Implementations that do not define __STDC_IEC_559__ are not required to conform to these specifications.
F.9.3 Relational operators
The expression x ≠ x is true if x is a NaN.
The expression x = x is false if X is a Nan.
F.3 Operators and functions
The isnan macro in <math.h> provides the isnan function recommended in the Appendix to IEC 60559.
In this rule you have to go to ISO/IEC 9899:1990 Appendix G and study each case of Implementation defined behavior to document them.
It's a difficult task to determine what are the manual checks to do in the code.
Is there some kind of list of manual checks to do because of this rule?
MISRA-C is primarily concerned with avoiding unpredictable behavior in the C language, those “traps and pitfalls” (such as undefined and unspecified behavior) all C developers should be aware of that a compiler will not always warn you about. This includes implementation-defined behavior, where the C standard specifies the behavior of certain constructs after compilation can vary. These tend to be less critical from a safety point of view, provided the compiler documentation describes its intended behavior as required by the standard.
That is, for each specific compiler the behavior is well-defined, but the concern is to assure the developers have verified this, including documenting language extensions, known bugs in the compiler (and build chain) and workarounds.
Although it is possible to manually check C code fully for MISRA-C compliancy, it is not recommended. The guidelines were developed with static analysis tools in mind. Not all guidelines can be fully checked by tools, but the better MISRA-C tools (be careful in your evaluations, there are not many “good” ones), will at least assist where it can identify automatically where code relies on implementation-specific behavior. This includes all the checks required in Rule 3.1., where implementation-defined behavior cannot be completely checked by a tool, then a manual review will be required.

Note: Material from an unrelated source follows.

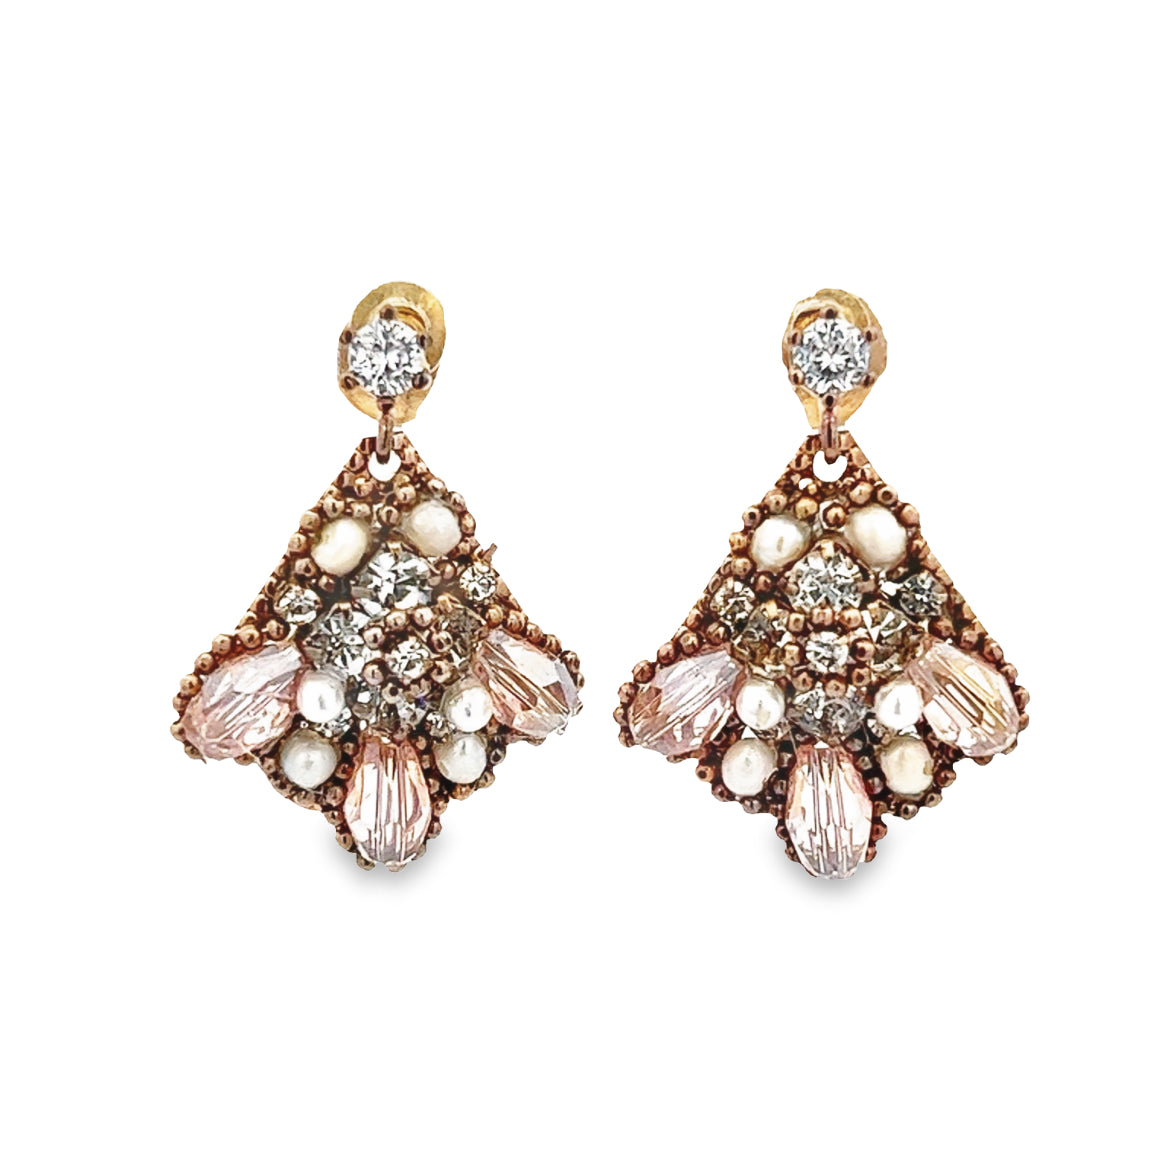 925 GOLD PLATED DROP EARRINGS WITH SWAROVSKI CRYSTALS

Also, if you are starting a new MISRA-C project, I highly recommend referring to MISRA-C:2012, even if you are required to be MISRA-C:2004 compliant. Having MISRA-C:2012 around helps, because it has clarified many of the guidelines, including additional rationale, explanations and examples. The standard (which can be obtained at misra-c.com ) lists the C90 and C99 implementation-defined behaviors that are considered to have the potential to cause unintended behavior. This may or may not overlap with guidelines that address implementation-defined behaviors that MISRA-C is specifically concerned about.
First of all, the standard definition of implementation-defined behavior is: specific behavior which the compiler must document. So you can always refer to the compiler documentation whenever there is a need to document how a certain implementation-defined behavior is implemented.
What's left to you to do then is to document where the code relies on implementation-defined behavior. This is preferably done in source code comments.
Spontaneously, here are the most important things which you need to look for in the code. The list is not including those cases that are already covered by other MISRA rules (for example signedness of char).
The size of all the integer types. The size of int being most important, as it determines which type that is given to integer literals, C "boolean" expressions, implicitly promoted integers etc etc.
Obscure integer formats that aren't standard two's complement.
Any reliance on endianess.
The enum type format.
The floating point format.
Pointer to integer conversions, in case they are obscure on the given system.
Behavior of function inlining and the register keyword, if these are used.
Alignment issues including struct padding. Reliance on the size of a struct/union.
#include paths, in case they are obscure. Particularly if they are absolute and not relative.
Bitwise operators mixed with signed types (in most cases this is a bug or design mistake).